I personally love my Cutco Drop Point knife - excellent Carbon steel, Durable handle made of grippy rubber, and very sharp. Thing about it is that if you want it sharpened you can't do it yourself, so I have a schrade from Walmart for backup. Not highly recommended, but it does the job and holds an edge long enough.

I like Leatherman multi-tools personally, though I've owned a tiny gerber clutch and liked it a lot for it's simplicity and usefulness.

May 28, 2008

i think your retarted

May 21, 2008

For a multi tool, I would throw in my lot with Leatherman. Outstanding quality and durability. They really think through the practical mechanics of their tools. I also really like SOG knifes and tools. I have their little tool (don't remember the name) which I end up using more than anything. The Knifes are hit and miss. I own about seven and of them the seal revolver is a joke of knife. At $115 it becomes obscene in that at some point, without fail, you will cut yourself. I have the Seal pup which I like for its wow factor but, as yet, have found no use for and the Flash Rescue the best folding knife I have ever owned. It has assisted opening so it can be flipped open with one hand in a tight spot. It also has a curved tip (rather than a sharp point) which makes doing tricky things while climbing or diving that much safer.

May 08, 2008

I absolutely trust anything from Gerber. My main multi-tool is a gerber 400. Never fails and always has a sharp edge. However, good friends of mine use Benchmade and they highly regard the quality and performance.

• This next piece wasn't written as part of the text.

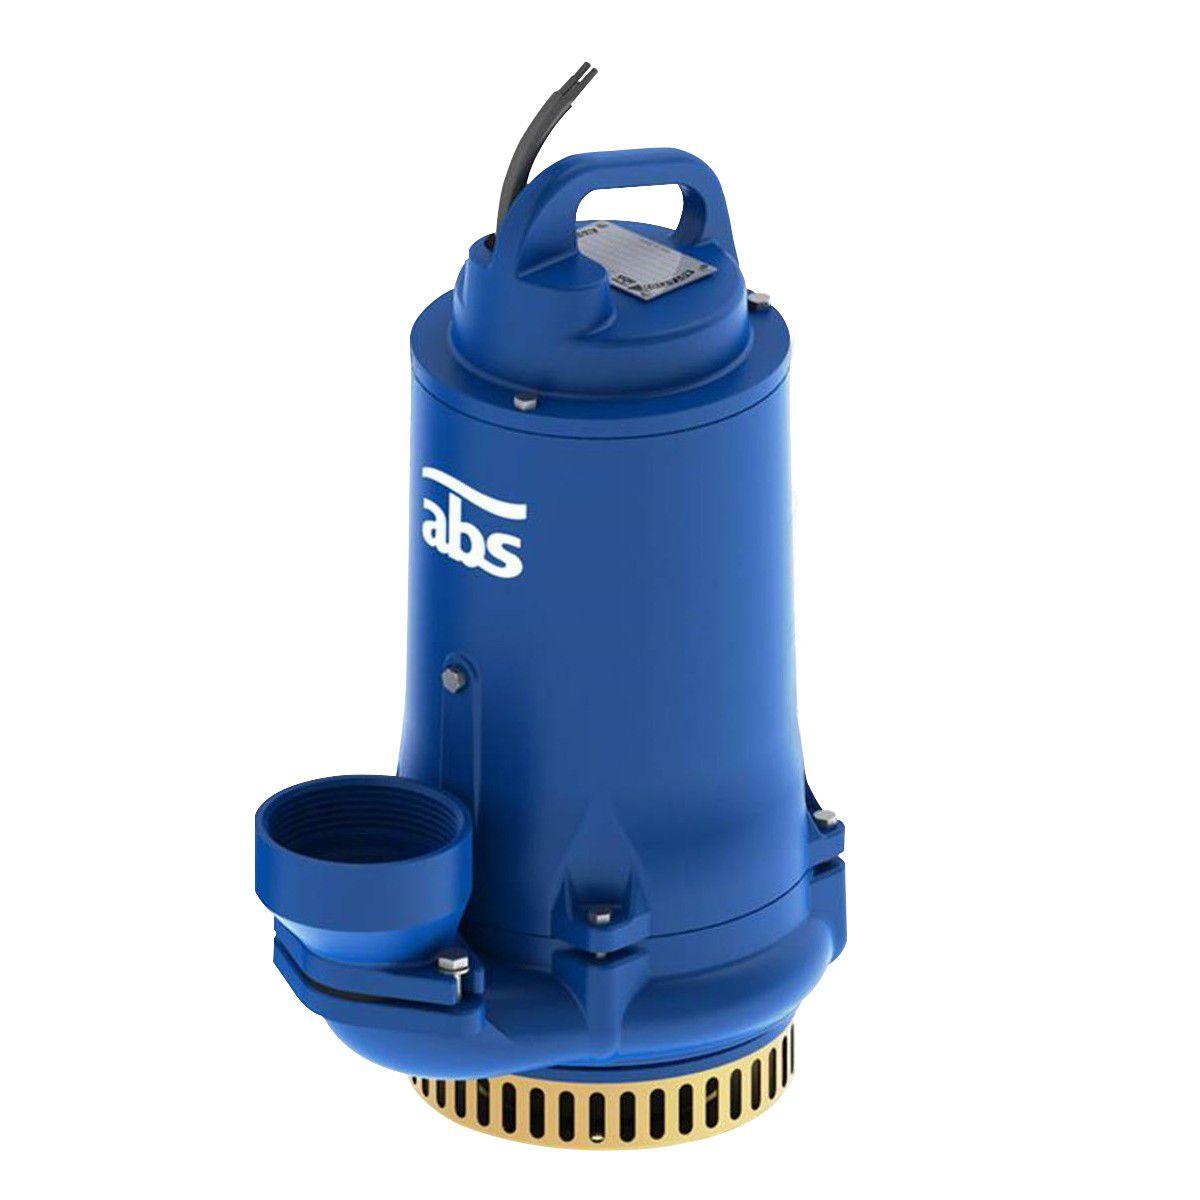 Bomba ABS Sulzer Submersa UNI 700 T Standard 2,0CV - 220V

I respect their decision but will always stay with gerber.

Cory Murphy
May 03, 2008

I've owned many knives from each of these fine companies, but I must say that Benchmade and Leatherman have extremely outstanding customer service, especially to service personnel. Ijust got out of the Marine Corps Infantry a couple years ago and I've carried my Benchmade Stryker for about 6 years and never had a problem with it. Leatherman has supplied me with many fine models and my favorite is the Leatherman Supertool 200 alas it's now discontinued, but is still worth mentioning if you can find one.